> [WORK TO BE COMPLETED]:
Word for word, output the data, with none of its pictures.

> [EXERCISE DATA]:
• • • • • • •

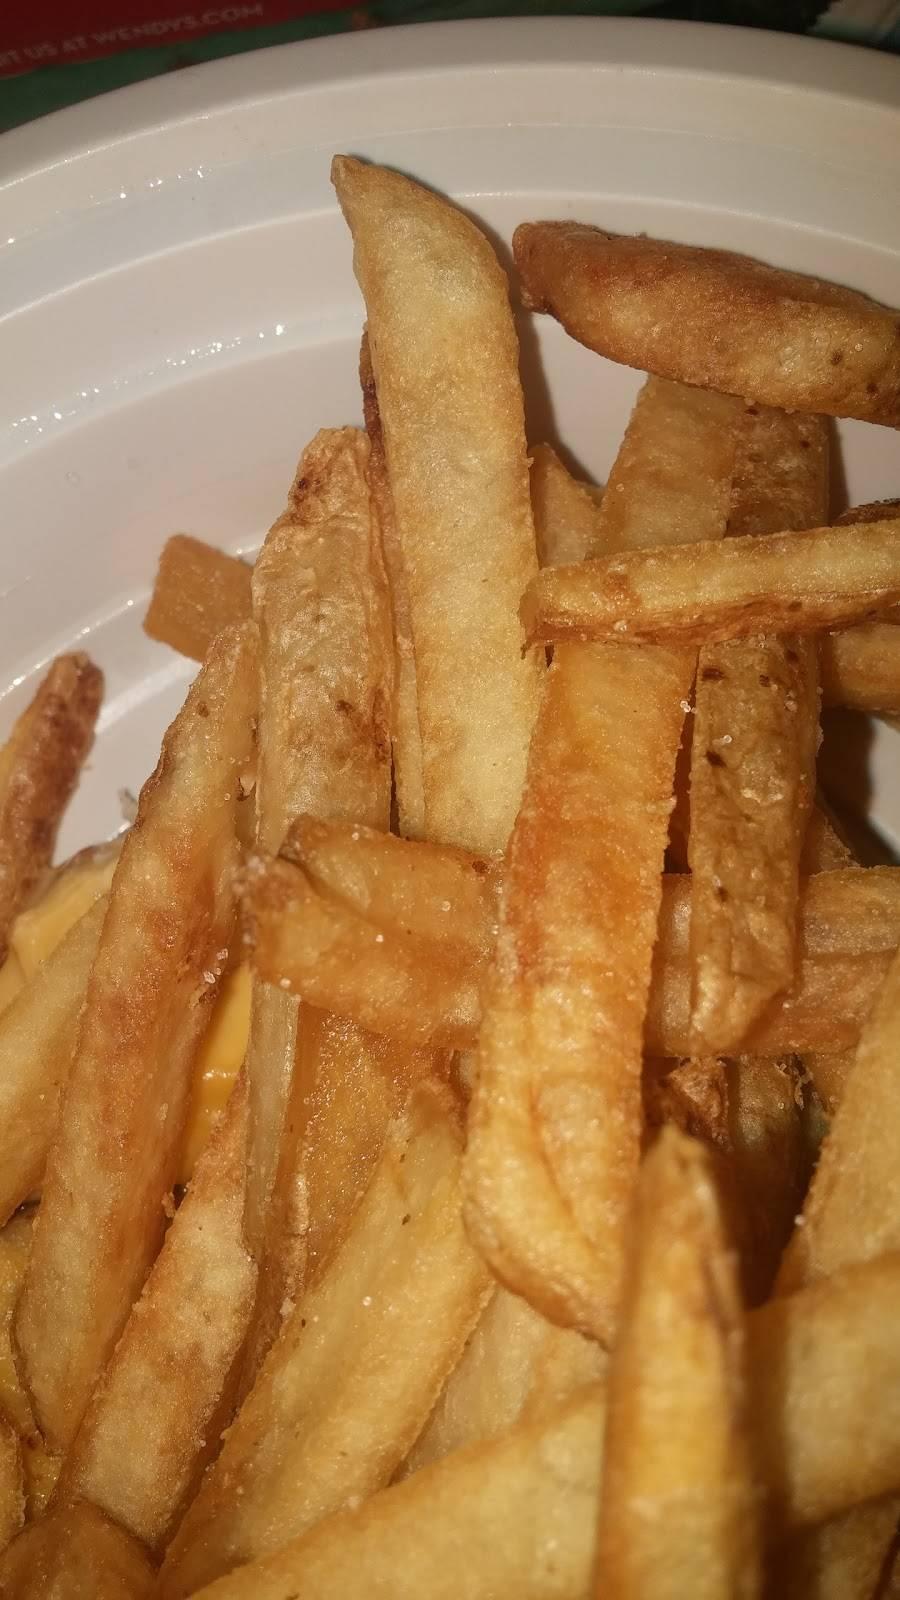 Wendys | restaurant | 2-30 Garfield Ave, Jersey City, NJ 07305, USA | 2014333950 OR +1 201-433-3950
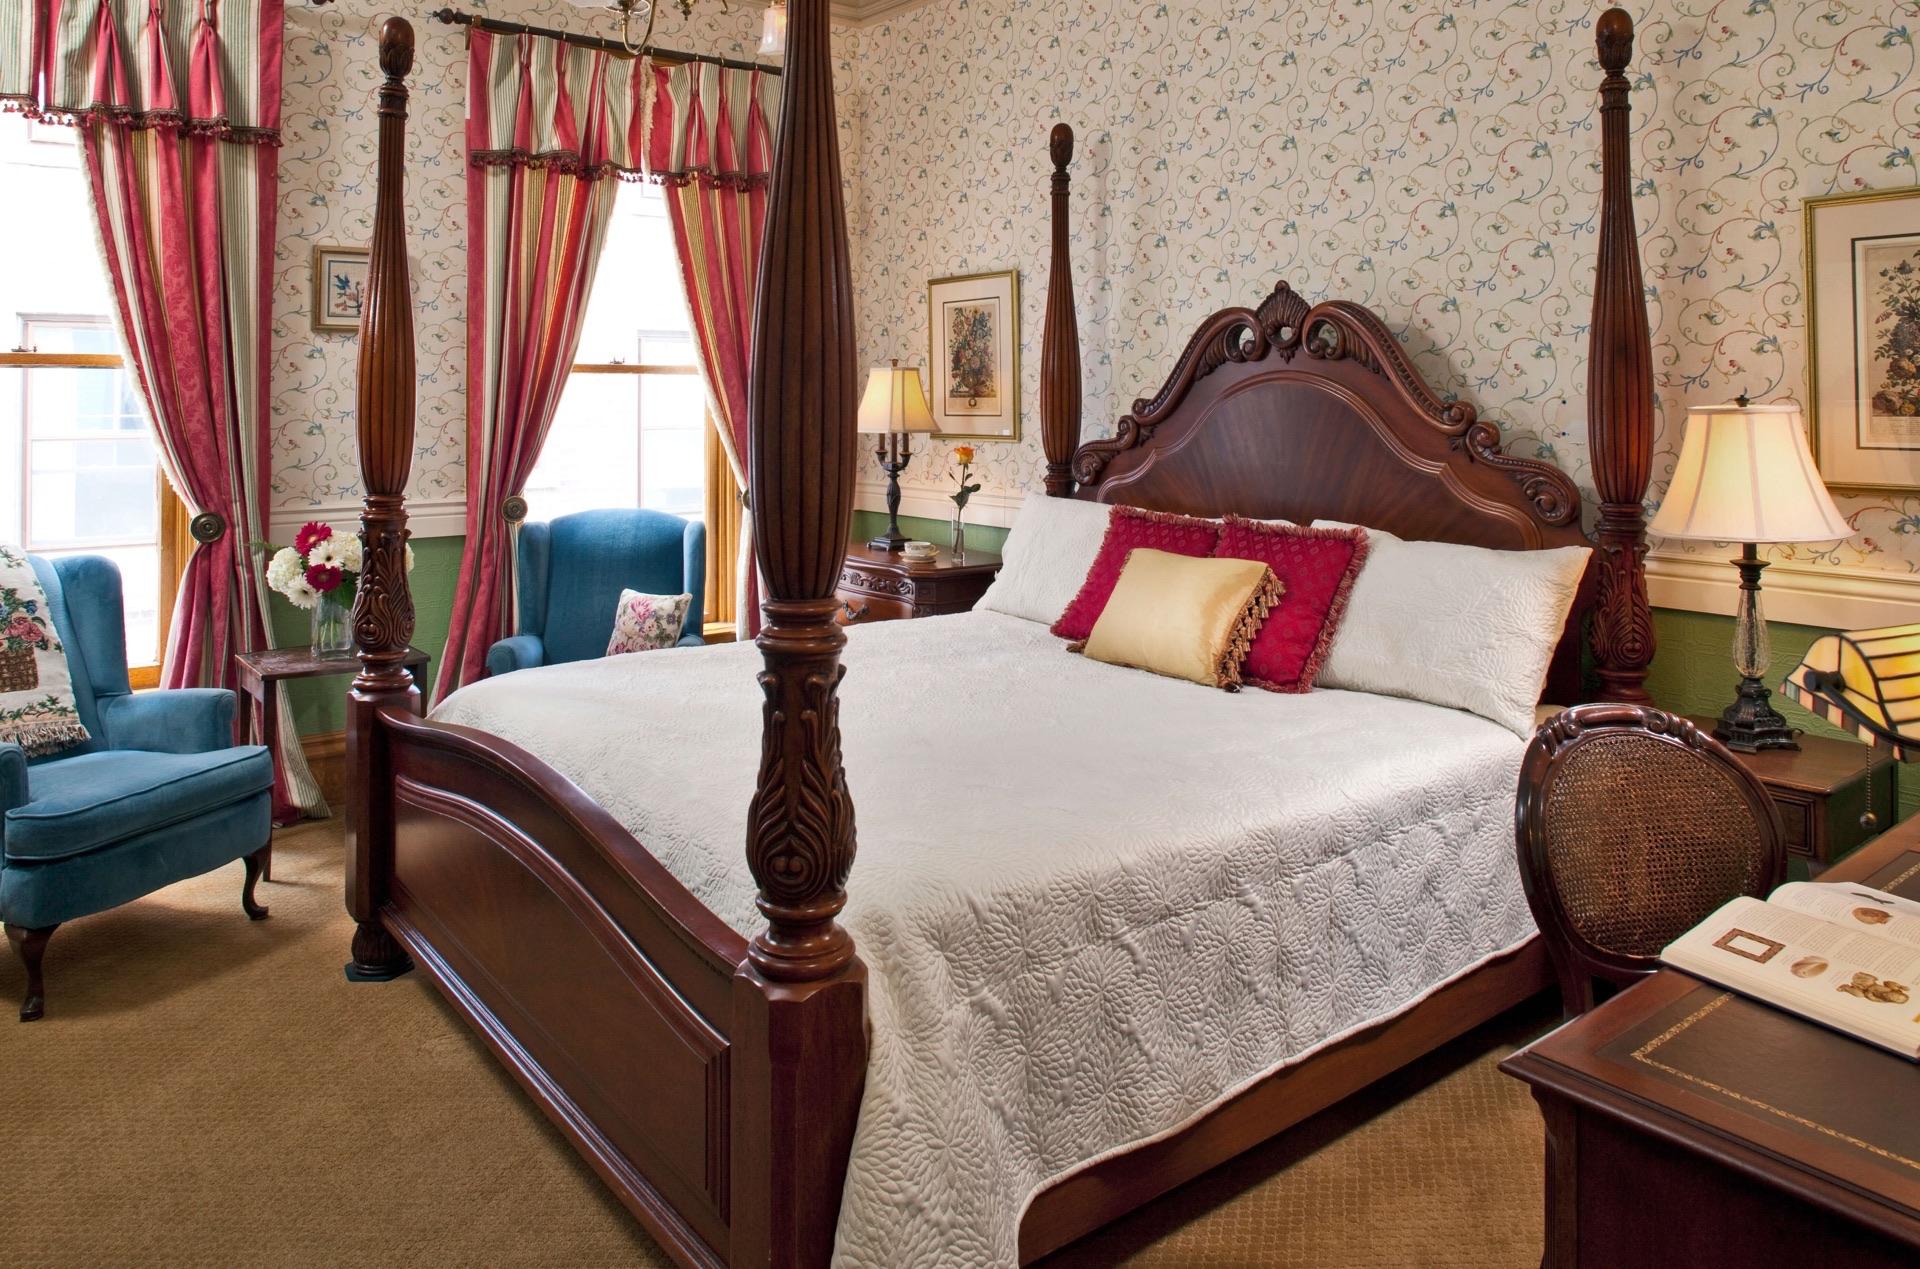 romantic hotels in kalamazoo mi the kalamazoo house bed. Black Bedroom Furniture Sets. Home Design Ideas
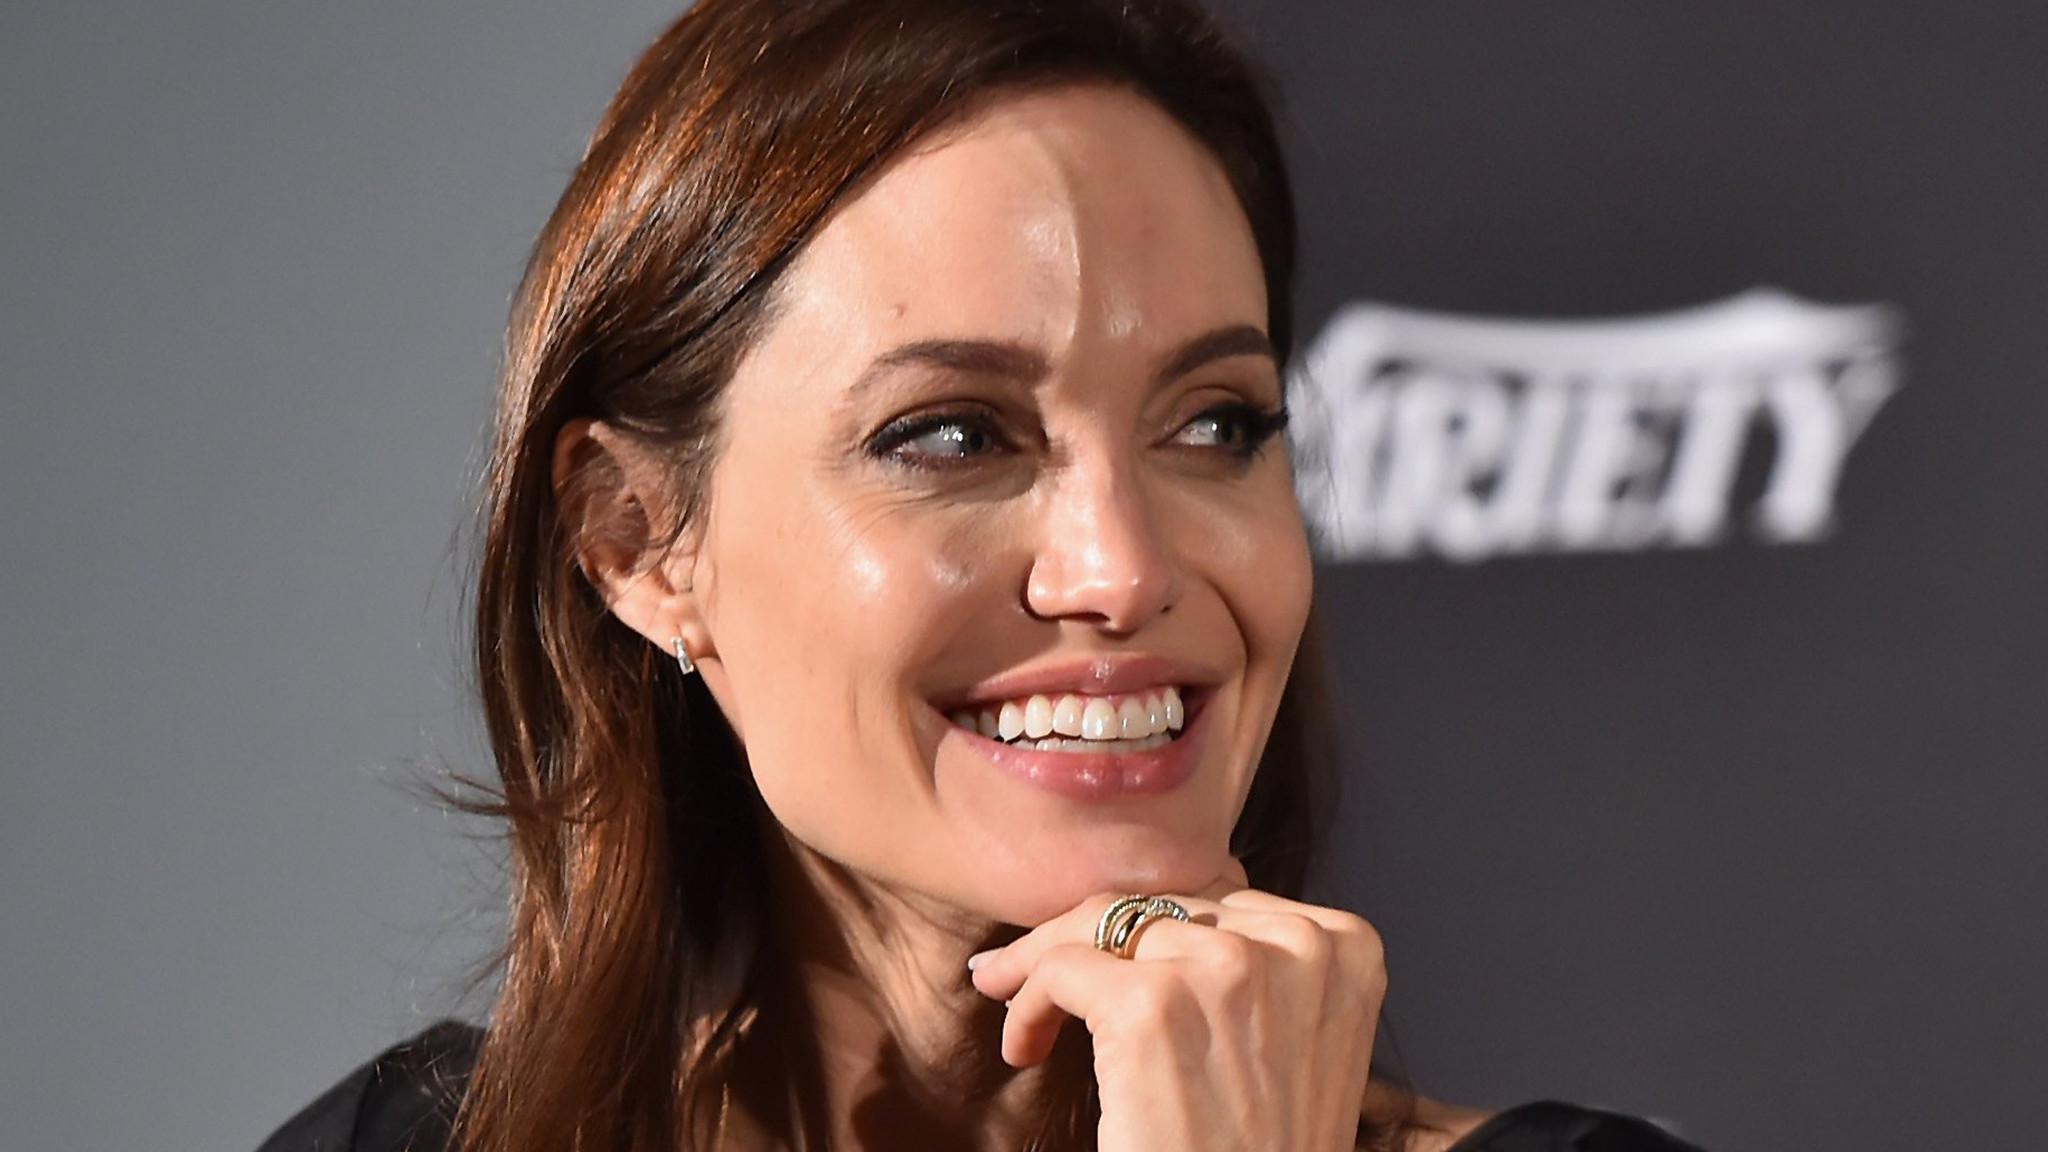 Angelina Jolie goes viral: She has chicken pox - LA Times Angelina Jolie

• • • • • • •

> [RESPONSE BELOW]:
 Wendys | restaurant | 2-30 Garfield Ave, Jersey City, NJ 07305, USA | 2014333950 OR +1 201-433-3950
 romantic hotels in kalamazoo mi the kalamazoo house bed. Black Bedroom Furniture Sets. Home Design Ideas
 Angelina Jolie goes viral: She has chicken pox - LA Times Angelina Jolie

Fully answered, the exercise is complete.